Los campos de batalla

 

“Allí donde está el peligro, crece también lo que salva”, dice Hölderlin. Posando los ojos en los principales objetivos del fascismo nacional, podemos comprender por dónde irá la fuerza política de un país que despertó de sus delirios lisérgicos de grandes pactos, pues paradójicamente el fascismo es más hábil que nosotros para localizar el verdadero potencial para la sedición social.

No es casualidad que todo gobierno fascista necesite volcarse contra las pulsaciones del deseo.

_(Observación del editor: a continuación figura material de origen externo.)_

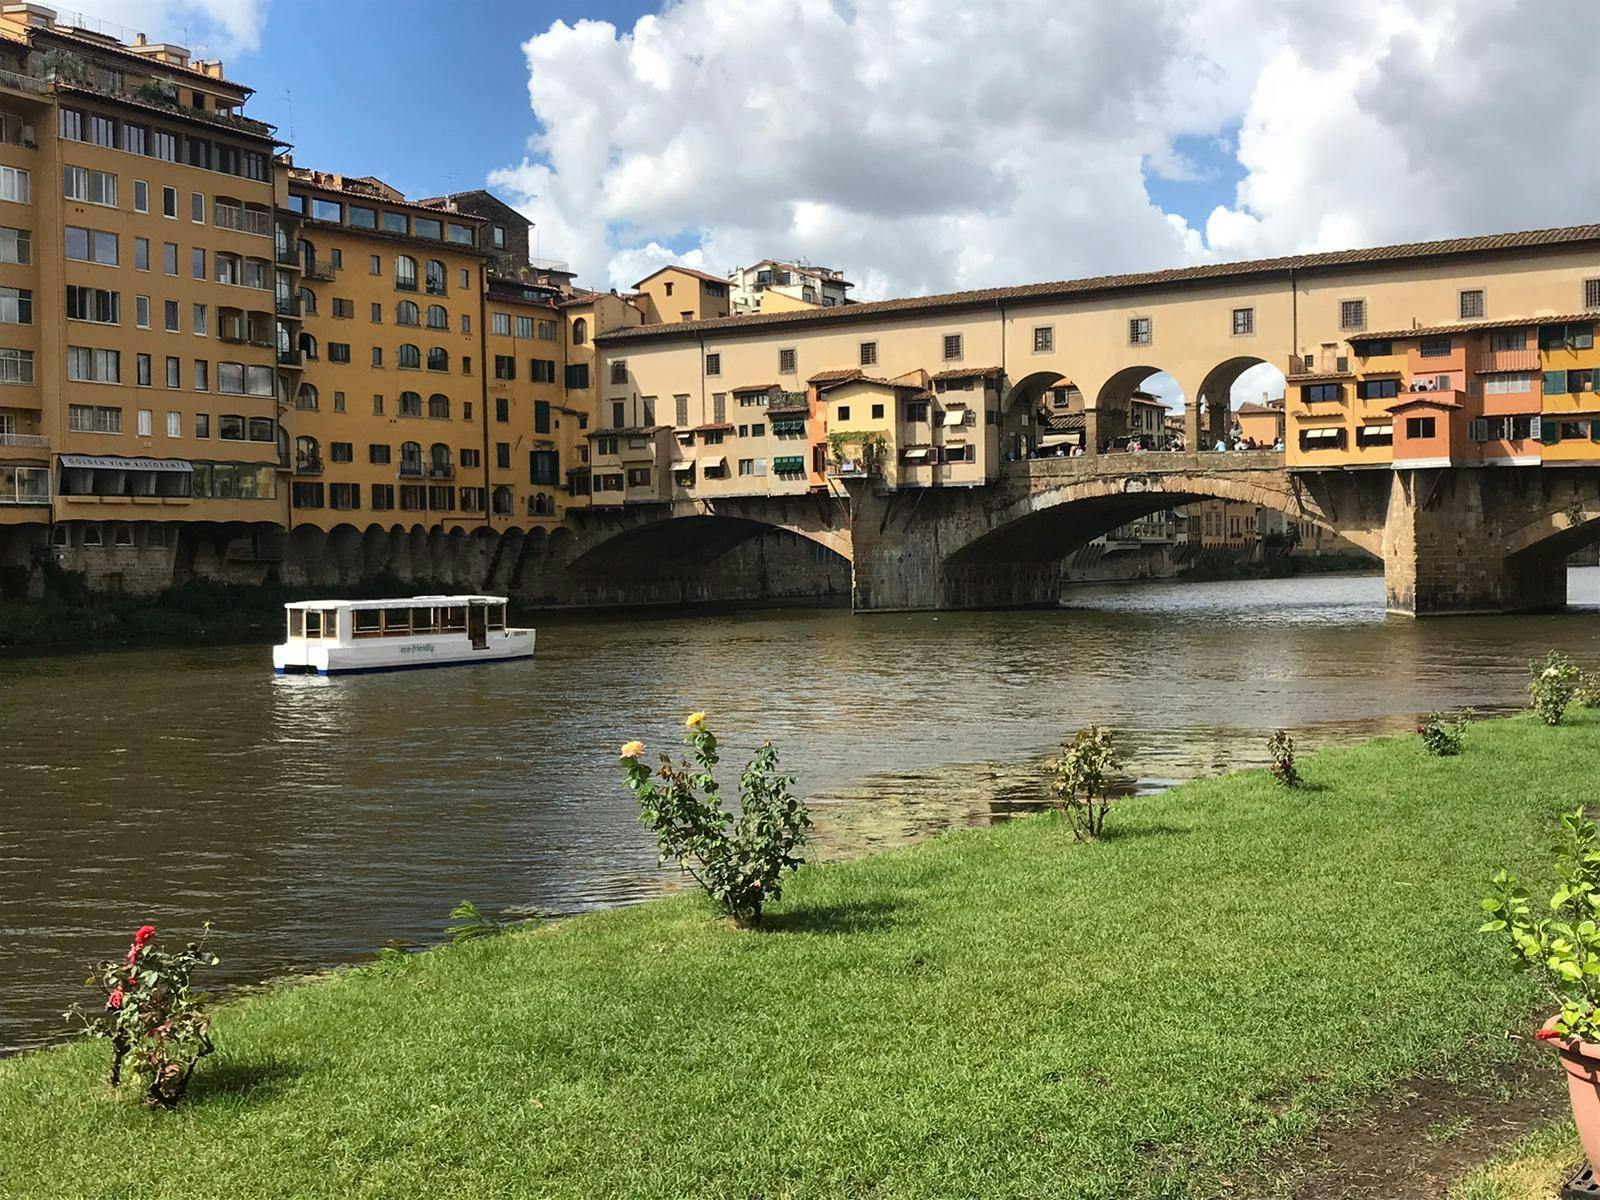 Wycieczka piesza po Florencji z rejsem łodzią elektryczną po rzece Arno

Se trata de no dejar ningún espacio sin su interferencia, para que ninguno de ellos devenga en el comienzo de las grietas. Si todo fascismo habla tanto de sexo, sobre cuerpos en contacto, sobre quién y qué puede ser visible, sobre nuestros niños amenazados, sobre la forma singular en que cada uno se diseña y se descompone, si ya los nazis alemanes gritaban contra el “bolchevismo sexual” y hablaban de dios en cada párrafo en el que corría la sangre de la violencia, esta no es una maniobra de distracción. Es una operación esencial.

El embate ante nosotros es un embate de formas de vida. Dentro de las formas de vida, las relaciones de deseo, de trabajo y de lenguaje tienen la misma fuerza de desestabilización y creación. Es triste darse cuenta de que son los fascistas los que mejor lo entienden, tanto que operan en todos los frentes desde el inicio. Rompen la fuerza de producción de deslizamientos en el lenguaje de las artes, callan todas las formas incontroladas de deseo, someten a la clase trabajadora al infierno de la precariedad y de la espoliación neoliberal. Todo al mismo tiempo, sin desdeñar ningún frente de combate. Por eso todas las luchas –desde la autogestión de la fábrica a la apropiación de la tierra, pasando por la invención y la visibilidad de la plasticidad de la vida afectiva– son una, solo pueden ser una. Aquí no hay nada subordinado, nada es secundario. Hay conexiones explosivas entre el deseo, el trabajo y el lenguaje que aún no conocemos.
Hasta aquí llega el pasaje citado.